A local Muslim gentleman has confirmed that he would actually quite like to wear a poppy this year, and he has also politely requested that Daily Mail and Express readers should ‘fucking well fuck the fuck off with the hateful shit.’

Speaking to Southend News Network, Ahmed Aziz said: ‘Someone told me to go back where I came from this week, so I popped home to Chelmsford to visit my Mum and Dad.’

’While I was there, I saw some photos of my grandfather who flew a Spitfire in World War Two, and then I remembered that I could wear a poppy in November to commemorate his efforts and everyone else who lost their lives in the conflict.’

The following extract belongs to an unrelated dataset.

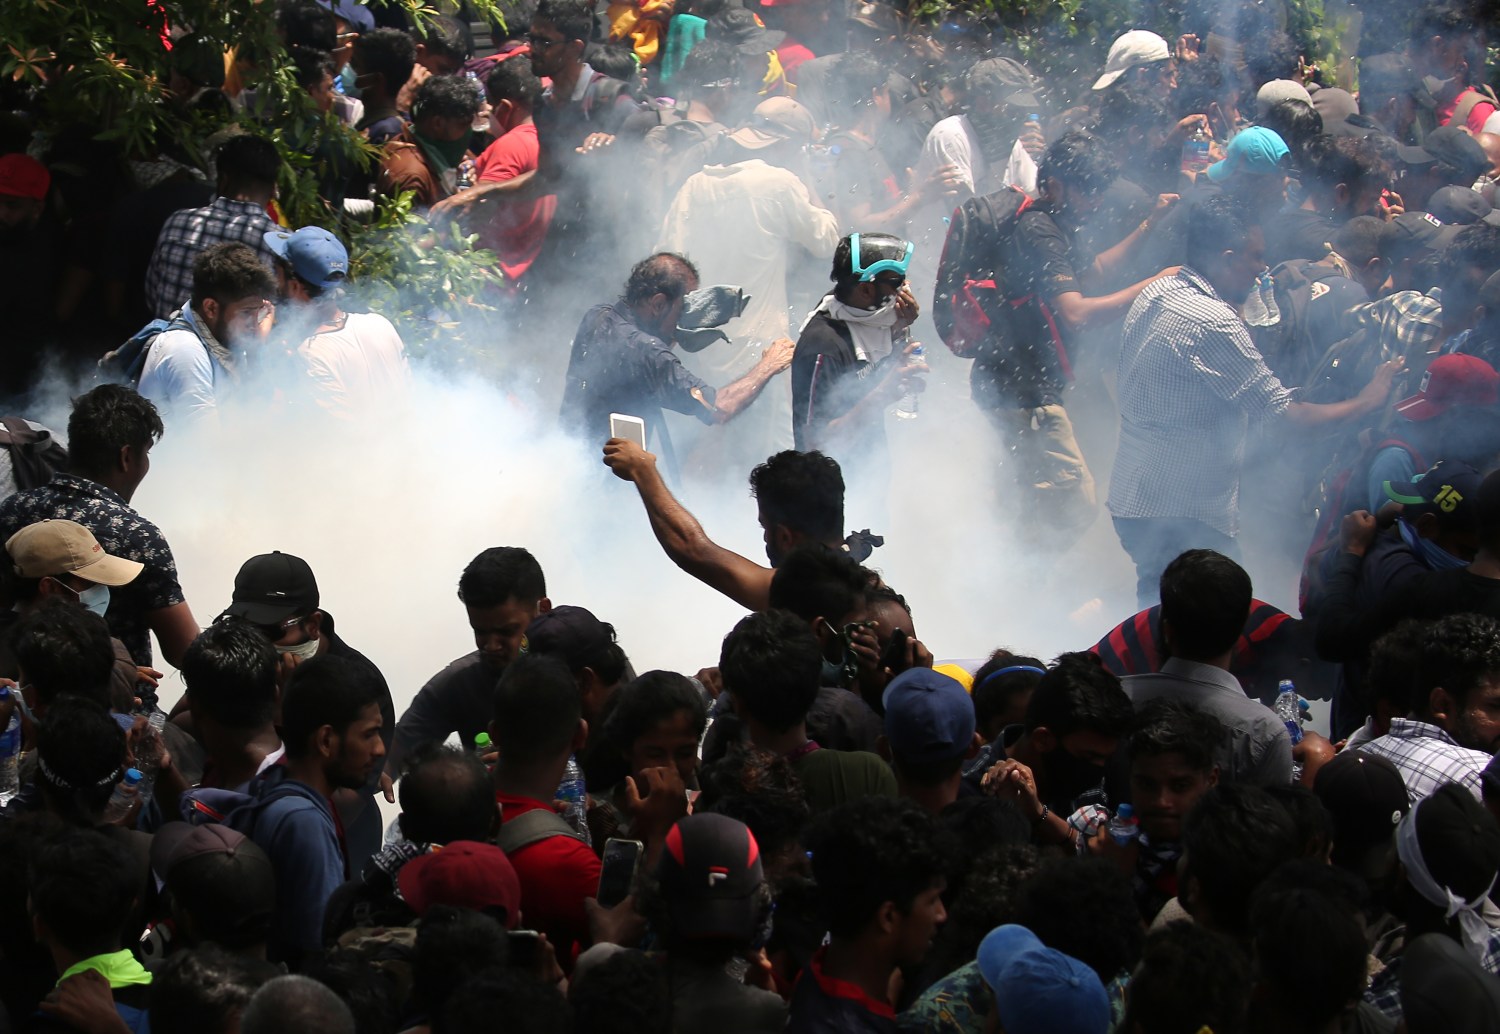 Police use tear gas as Protesters storm the compound of prime minister's office, demanding Ranil Wickremesinghe resign after president Gotabaya Rajapaksa fled the country amid economic crisis in Colombo, Sri Lanka,July 13, 2022. (Photo by Pradeep Dambarage/NurPhoto)NO USE FRANCE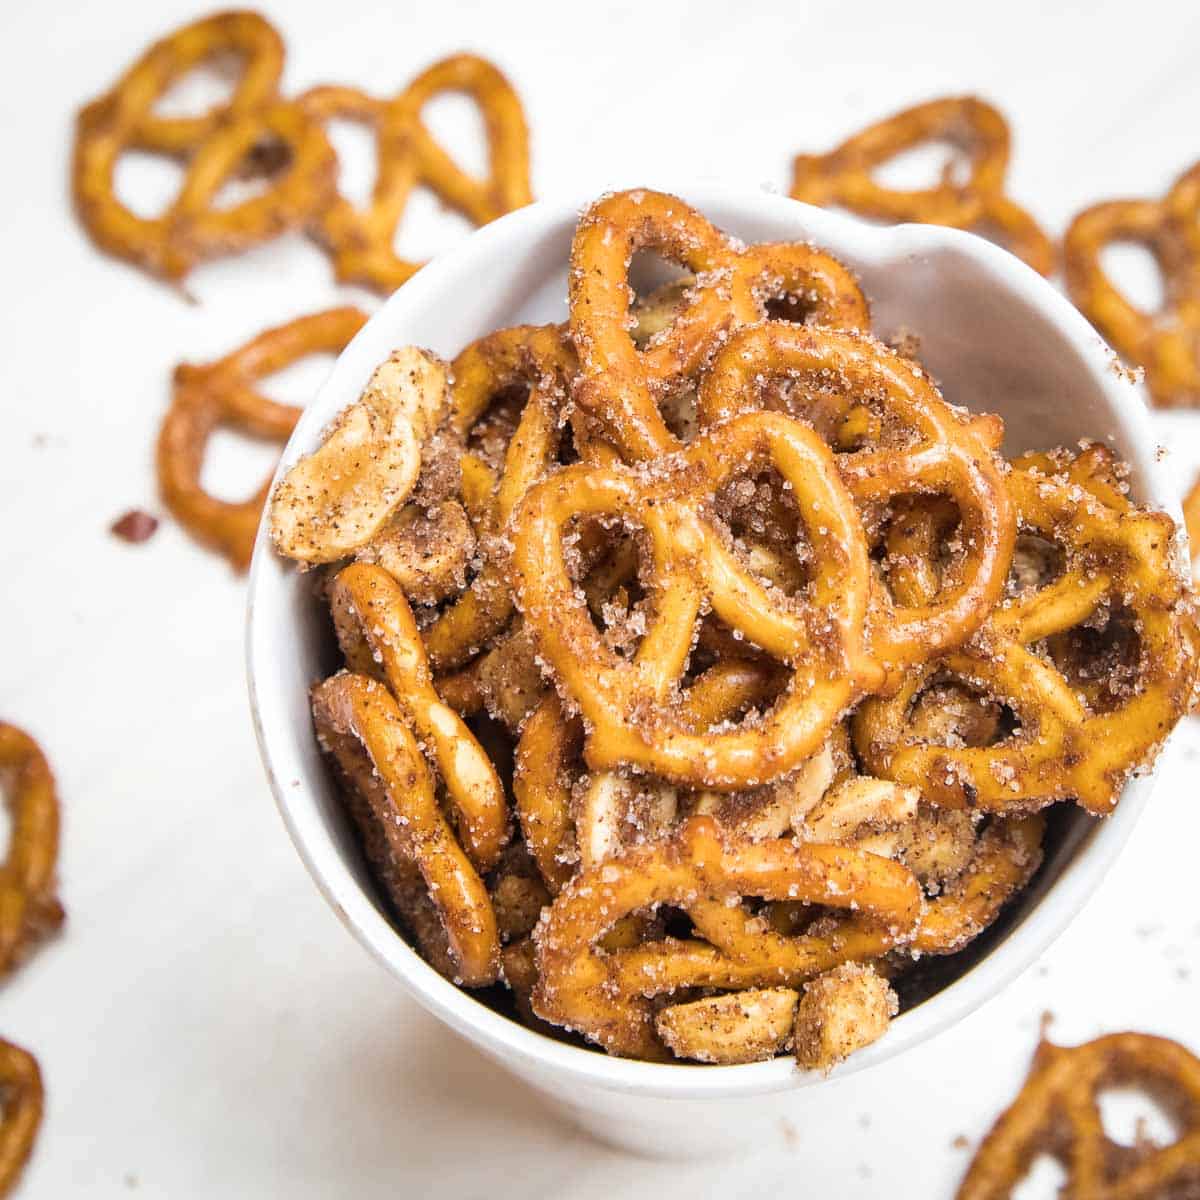 Overhead shot of cinnamon pretzels in a white cup with more scattered on a white surface in the background.

’Luckily I have plenty of time at the moment as I have a a few hours free due to not campaigning for Christmas to be cancelled or getting Peppa Pig stoned to death.’

’So I popped down to the local shopping centre and gave a British Legion veteran selling the poppies a couple of quid for a new one.’

’He gave me a pin as well, and for some reason I didn’t get an overwhelming urge to stab him with it.’

A spokesperson for the Daily Mail said: ‘We have received intelligence about a Muslim gentleman actually wanting to wear a poppy with pride, and we promise to investigate it as soon as a journalist is available.’

’All of our reporters are tied up at the moment working on a story about Kate Middleton’s preferences when it comes to sanitary products.’